This rule can be extended to more than two events. For three events \(A, B, C\):

\[ P(A \cap B \cap C) = P(C | A \cap B) P(B | A) P(A) \]

3. The Law of Total Probability#

Sometimes, calculating the probability of an event \(A\) directly is difficult. However, we might know the conditional probabilities of \(A\) occurring under various mutually exclusive and exhaustive scenarios. The Law of Total Probability allows us to find the overall probability of \(A\) by considering these scenarios.

Definition: Let \(B_1, B_2, \ldots, B_n\) be a partition of the sample space \(S\). This means:

\(B_i \cap B_j = \emptyset\) for all \(i \neq j\) (The events are mutually exclusive).
\(B_1 \cup B_2 \cup \ldots \cup B_n = S\) (The events cover the entire sample space, they are exhaustive).
\(P(B_i) > 0\) for all \(i\).

Then, for any event \(A\) in the sample space \(S\), the Law of Total Probability states:

\[ P(A) = \sum_{i=1}^{n} P(A | B_i) P(B_i) \]

\[\begin{split} \begin{align*} P(A) ={}& P(A|B_1)P(B_1) \\ & + P(A|B_2)P(B_2) \\ & + \ldots \\ & + P(A|B_n)P(B_n) \end{align*} \end{split}\]

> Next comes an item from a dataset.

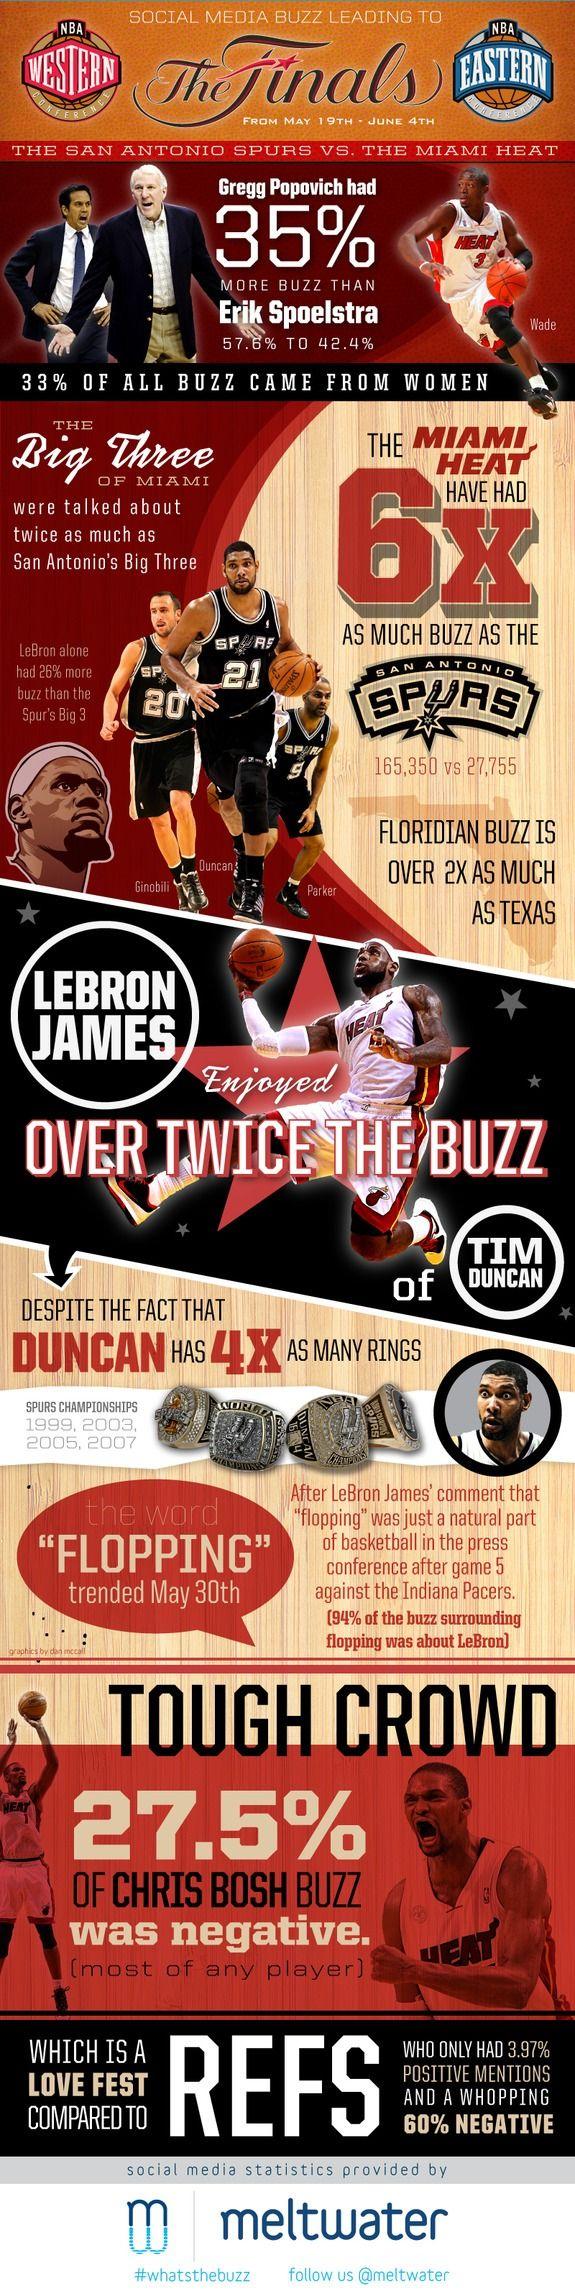 La batalla viral 2.0 entre Spurs vs Miami Heat en la final de la @NBA | #digisport #nba #basket

Intuition: The overall probability of \(A\) is a weighted average of its conditional probabilities under each scenario (\(B_i\)), where the weights are the probabilities of those scenarios (\(P(B_i)\)) themselves.

Example: Finding the overall probability a randomly selected person has COVID, considering different testing rates and infection probabilities in different age groups. Let \(A\) be the event “a person has COVID”. Let \(B_1\) be the event “person is in Age Group 1”, \(B_2\) be “person is in Age Group 2”, …, \(B_n\) be “person is in Age Group n”. These age groups form a partition of the population. We might know:

The probability a person falls into each age group: \(P(B_1), P(B_2), \ldots, P(B_n)\).
The probability a person has COVID given they are in a specific age group: \(P(A|B_1), P(A|B_2), \ldots, P(A|B_n)\).

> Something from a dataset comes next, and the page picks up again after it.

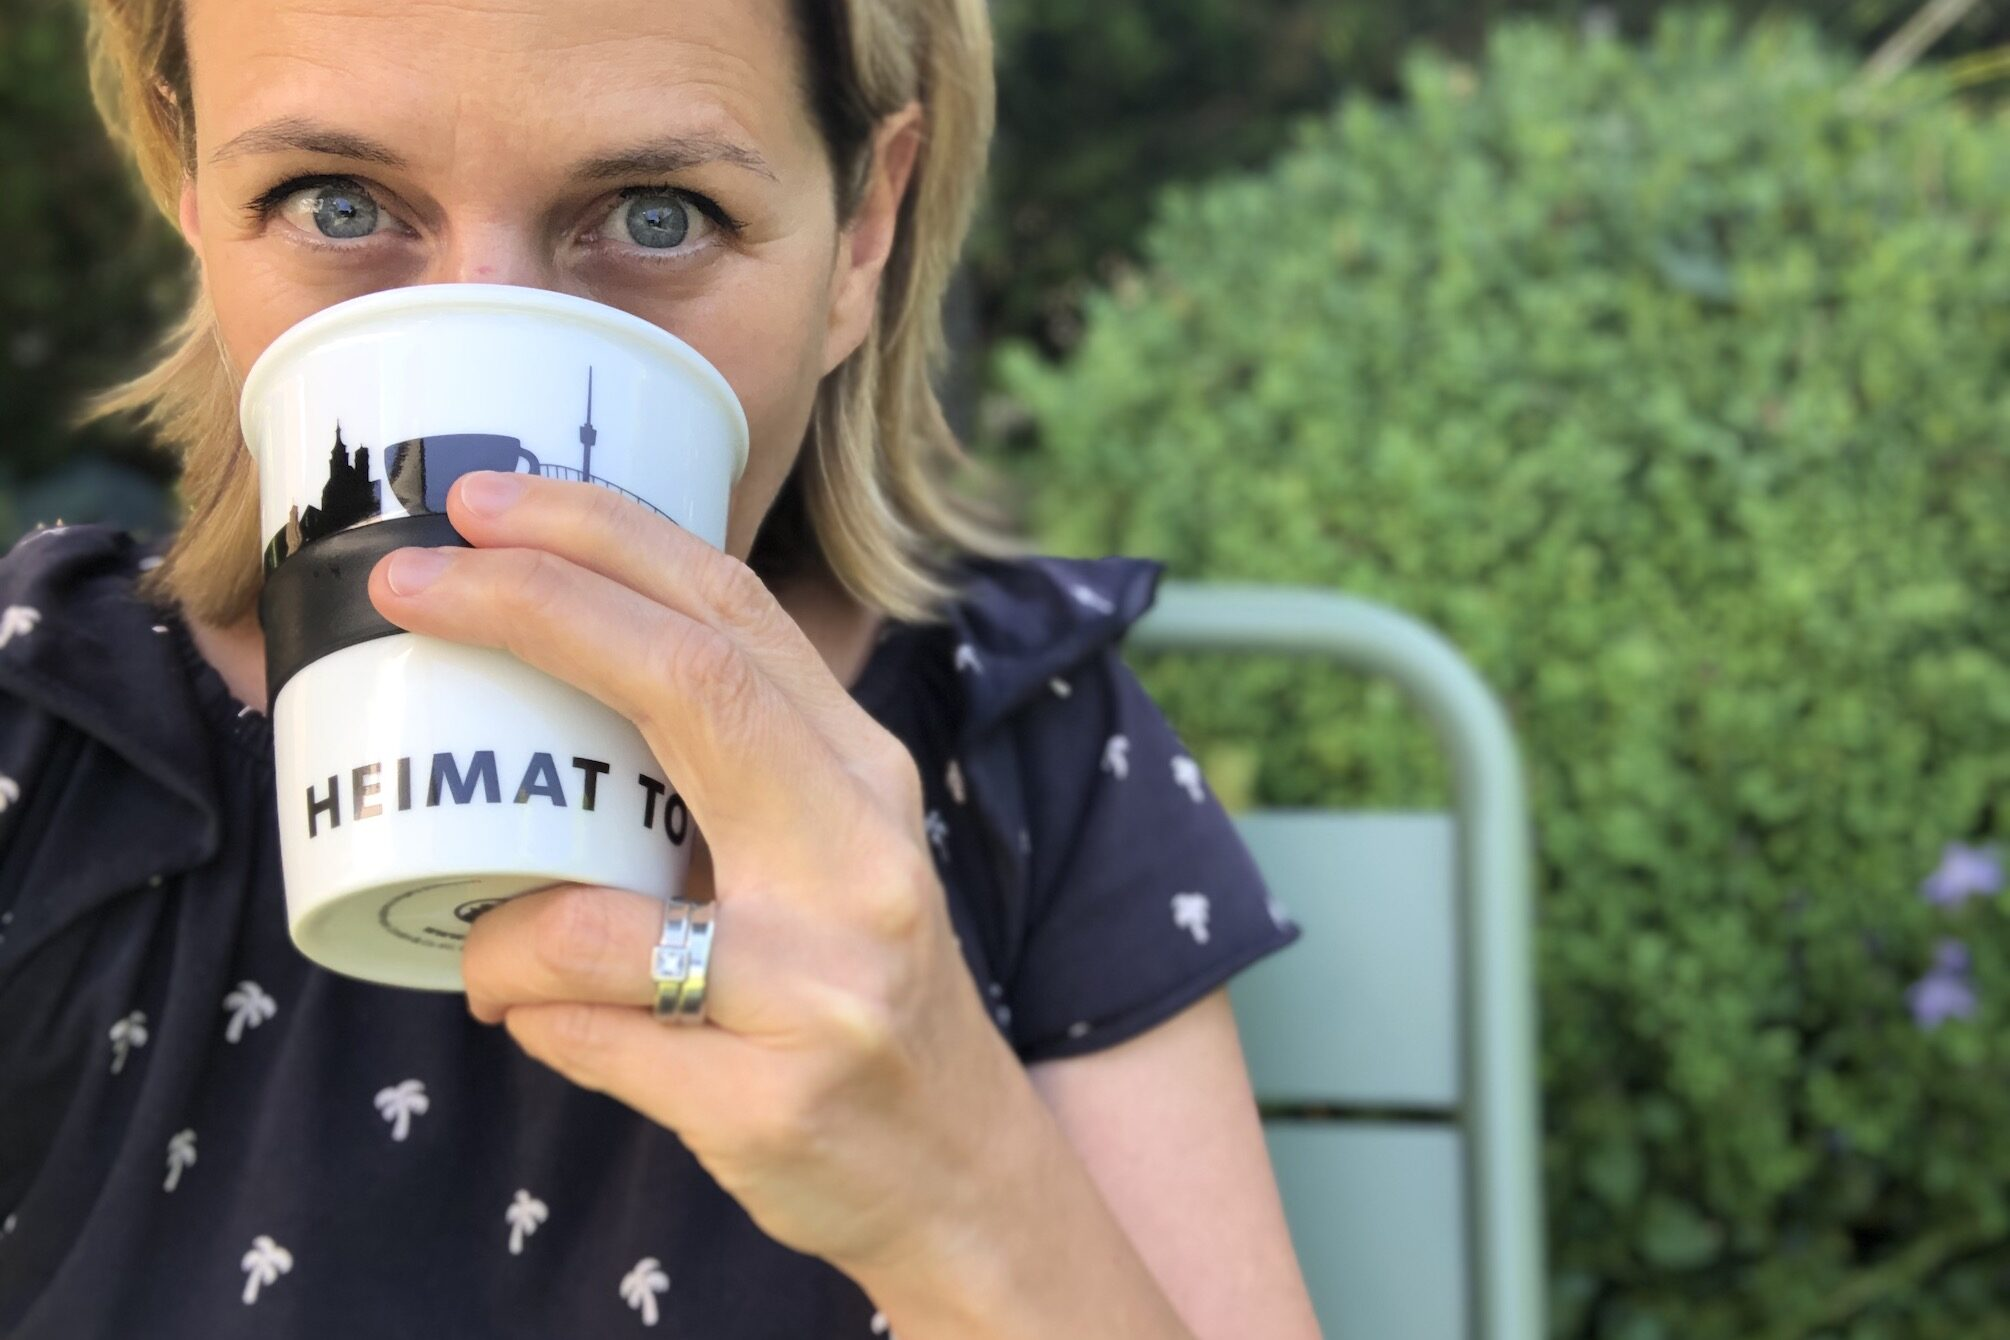 Heimat to go - www.expatmamas.de/blog/ #expatmamas #imauslandzuhause #heimat

Using the Law of Total Probability, we can calculate the overall probability of having COVID:

\[\begin{split} \begin{align*} P(A) ={}& P(A|B_1)P(B_1) \\ & + P(A|B_2)P(B_2) \\ & + \ldots \\ & + P(A|B_n)P(B_n) \end{align*} \end{split}\]

4. Tree Diagrams#

Tree diagrams are a useful visualization tool for problems involving sequences of events, especially when conditional probabilities are involved.

Each branch represents an event.
The probability of each event is written on the branch.
Branches emanating from a single point represent mutually exclusive outcomes of a stage, and their probabilities should sum to 1.
The probability of reaching a specific endpoint (a sequence of events) is found by multiplying the probabilities along the path leading to that endpoint (using the Multiplication Rule).
The probability of an event that can occur via multiple paths is found by summing the probabilities of those paths (related to the Law of Total Probability).

Example: Visualizing the probabilities of outcomes in a sequence of two potentially biased coin flips. Suppose a coin has \(P(\text{Heads}) = 0.6\) and \(P(\text{Tails}) = 0.4\). We flip it twice. The outcomes are independent.

             Start
          /        \
      0.6/          \0.4
        H            T       <-- Flip 1
      /   \        /   \
  0.6/  0.4\   0.6/  0.4\
    H       T   H        T   <-- Flip 2

Path 1 (HH):

\[\begin{split} \begin{align*} P(H_1 \cap H_2) &= P(H_1) \times P(H_2 | H_1) \\ &= 0.6 \times 0.6 \\ &= 0.36 \end{align*} \end{split}\]

\[ \text{(Since flips are independent, } P(H_2|H_1) = P(H_2) = 0.6 \text{)} \]

Path 2 (HT): \(P(\text{H on 1st} \cap \text{T on 2nd}) = 0.6 \times 0.4 = 0.24\).
Path 3 (TH): \(P(\text{T on 1st} \cap \text{H on 2nd}) = 0.4 \times 0.6 = 0.24\).
Path 4 (TT): \(P(\text{T on 1st} \cap \text{T on 2nd}) = 0.4 \times 0.4 = 0.16\).

Note that the probabilities of all possible outcomes sum to 1: \(0.36 + 0.24 + 0.24 + 0.16 = 1.0\).

We can use this to find probabilities of combined events, e.g.,

\[\begin{split} \begin{align*} P(\text{Exactly one Head}) &= P(HT) + P(TH) \\ &= 0.24 + 0.24 \\ &= 0.48 \end{align*} \end{split}\]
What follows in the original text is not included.